Content starts

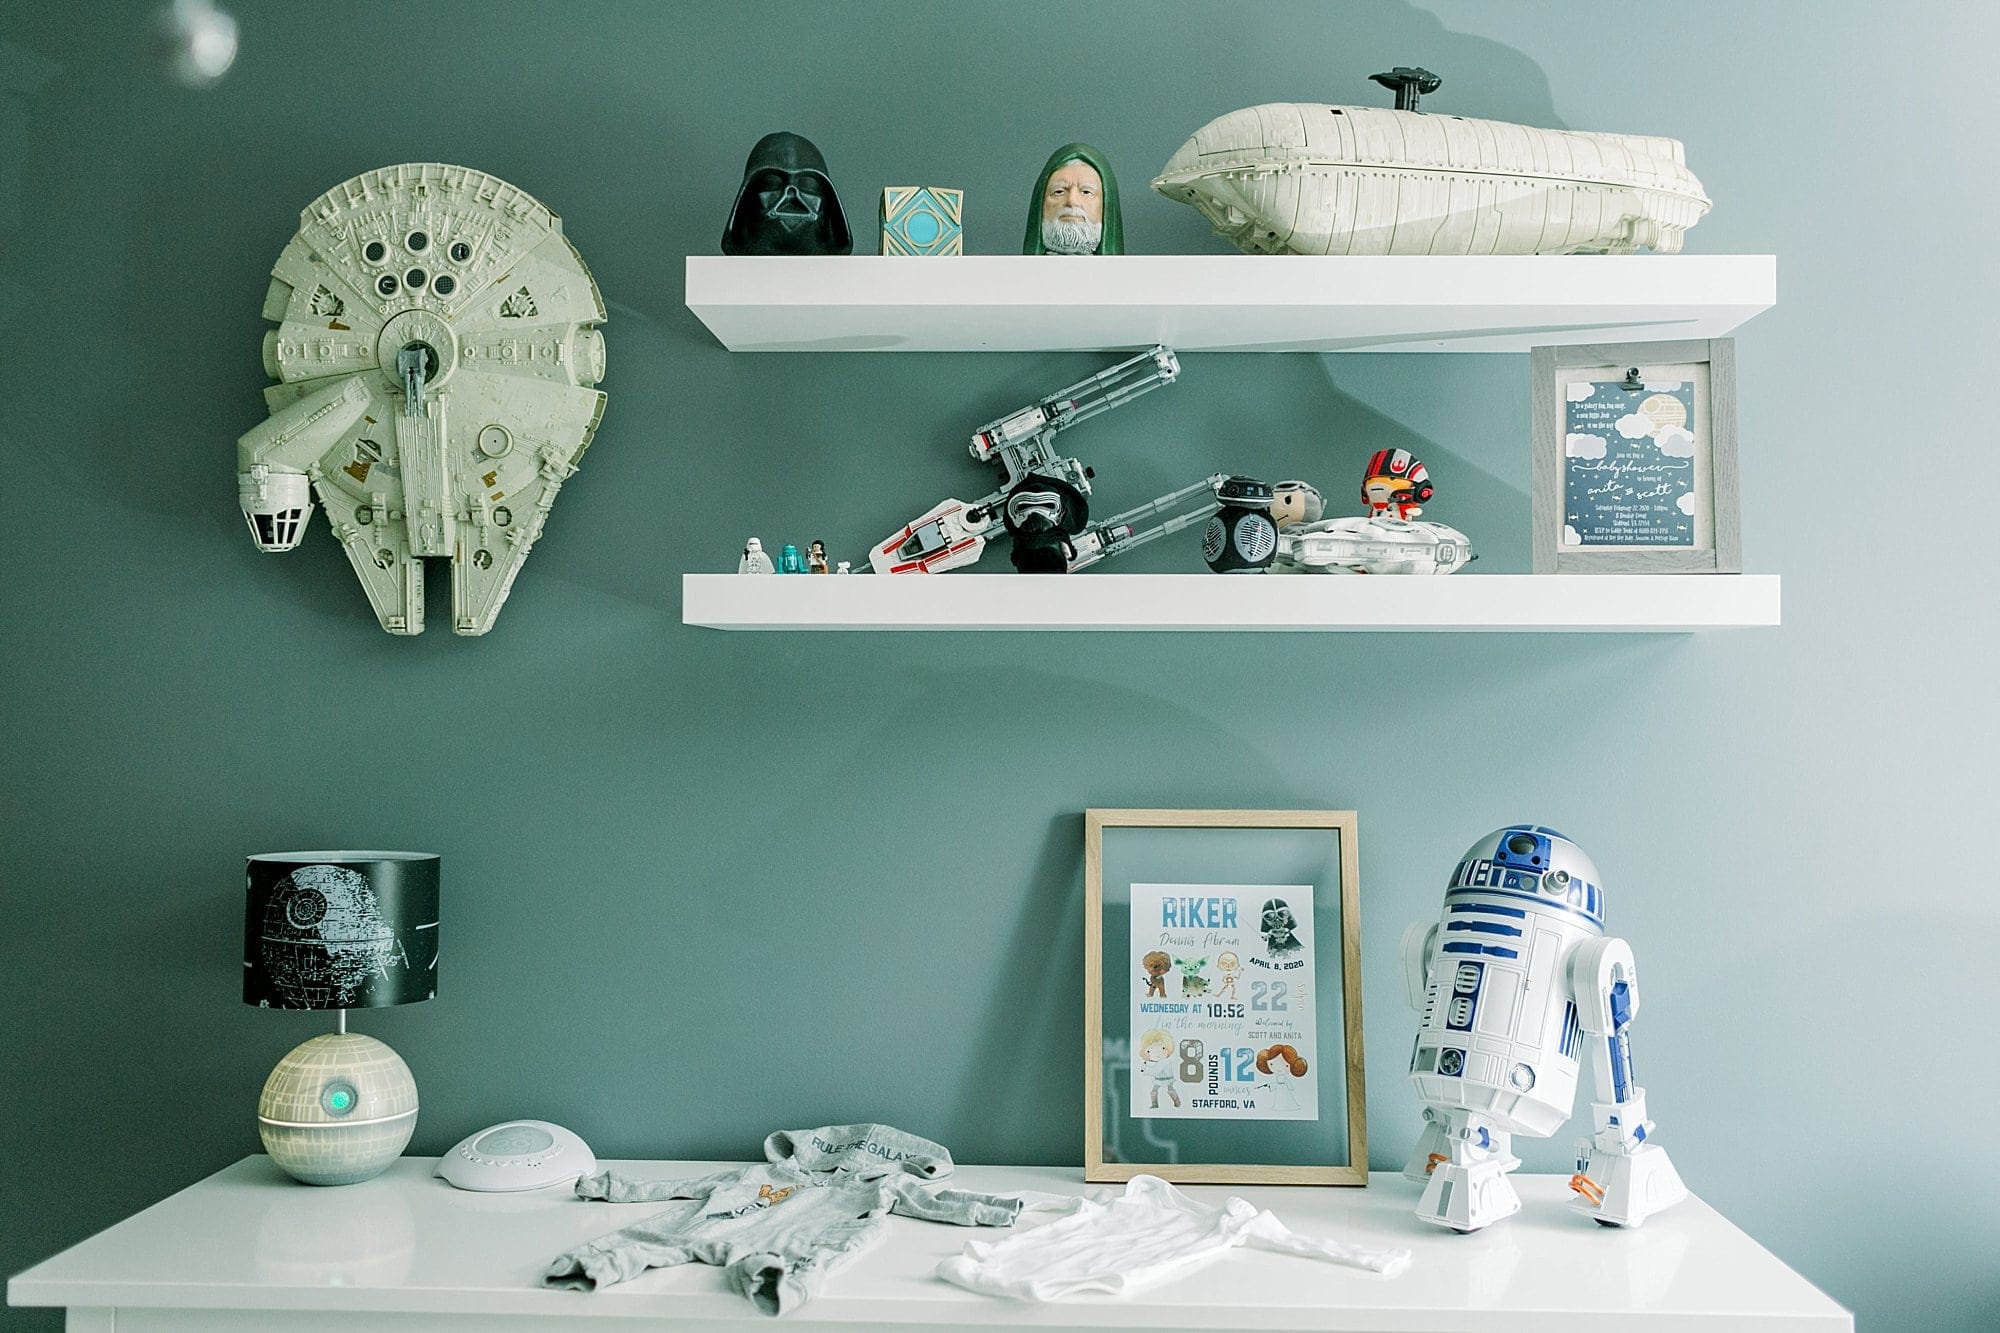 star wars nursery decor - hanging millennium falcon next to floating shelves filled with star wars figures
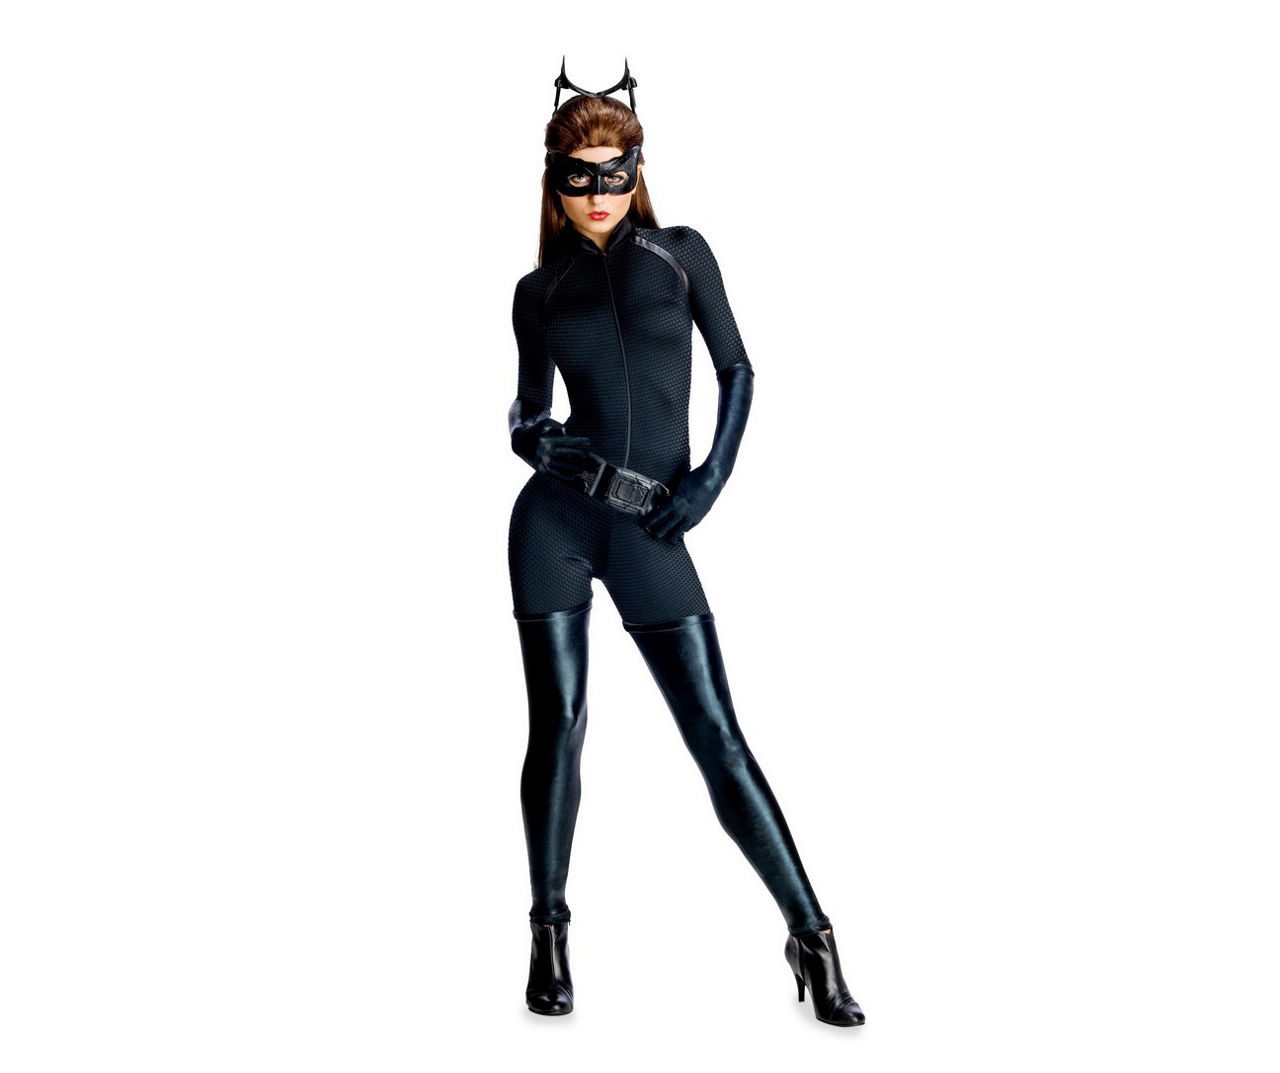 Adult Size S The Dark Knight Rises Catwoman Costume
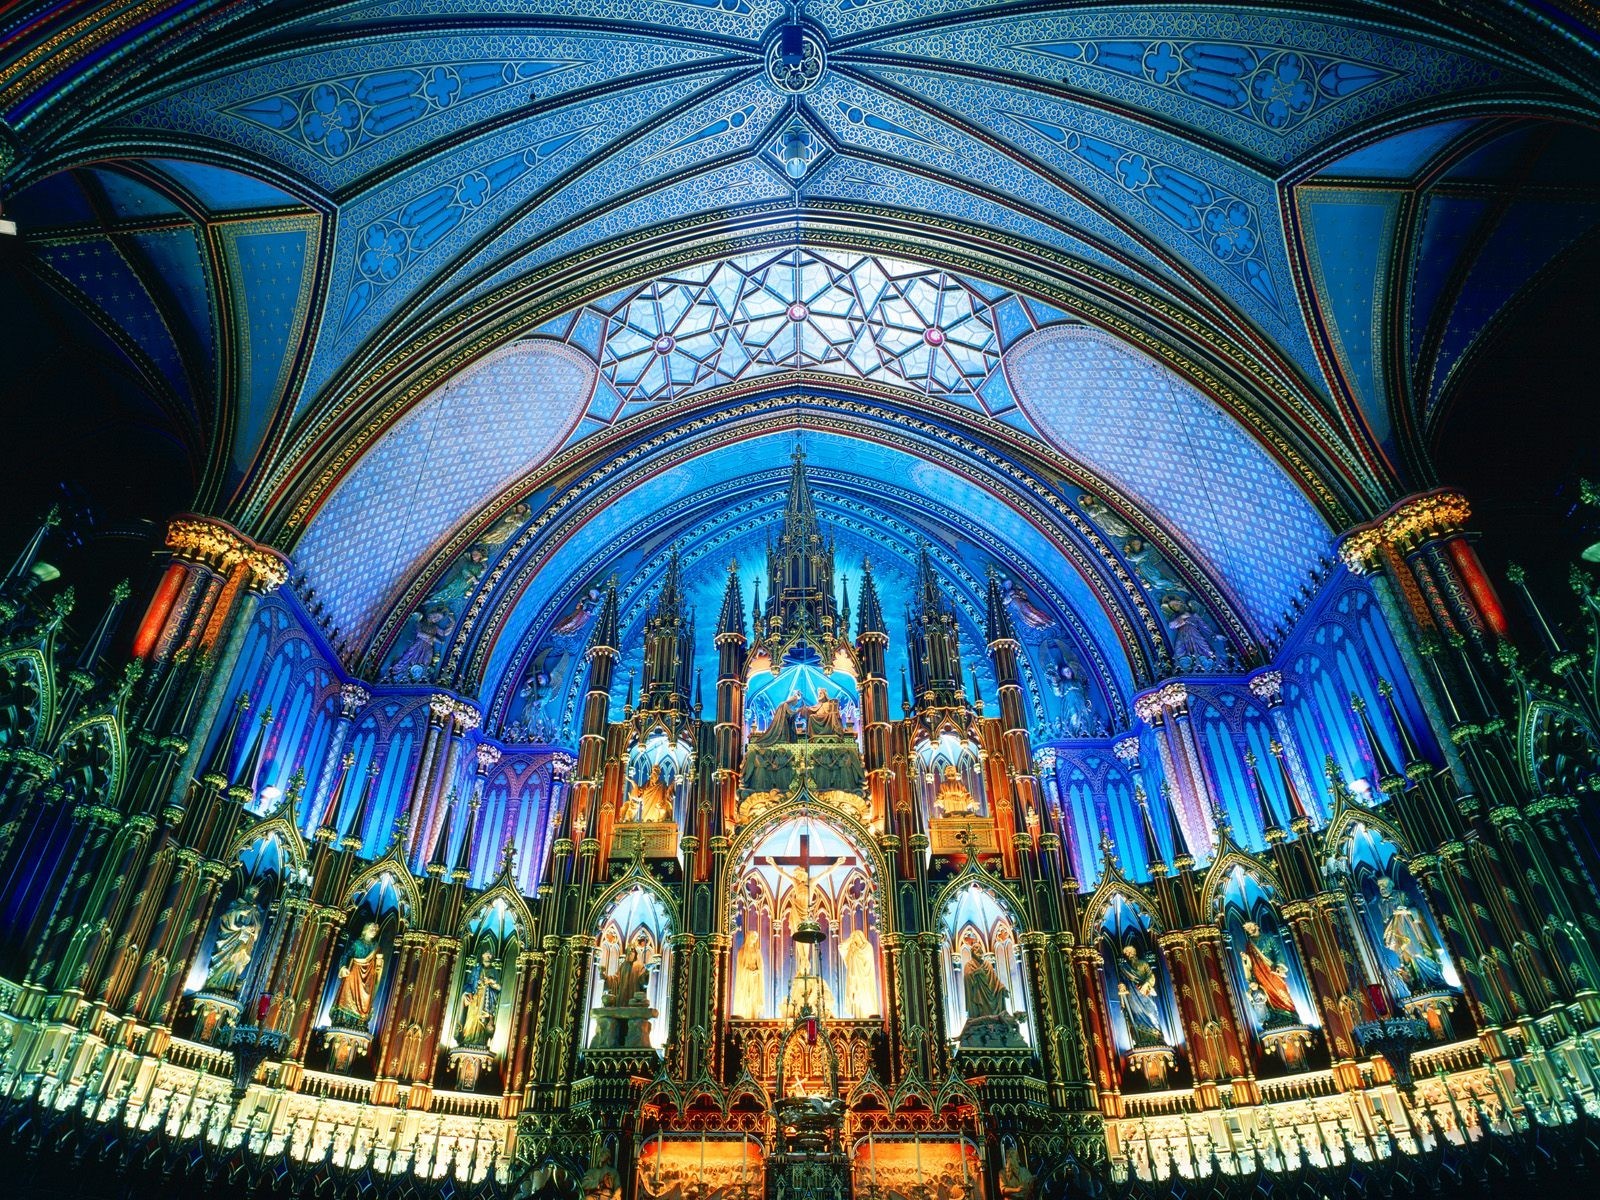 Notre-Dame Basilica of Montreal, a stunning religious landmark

Content ends

▶ [Work task] Everything above except the pictures must be restated exactly.

▶ [Problem solution]
 star wars nursery decor - hanging millennium falcon next to floating shelves filled with star wars figures
 Adult Size S The Dark Knight Rises Catwoman Costume
 Notre-Dame Basilica of Montreal, a stunning religious landmark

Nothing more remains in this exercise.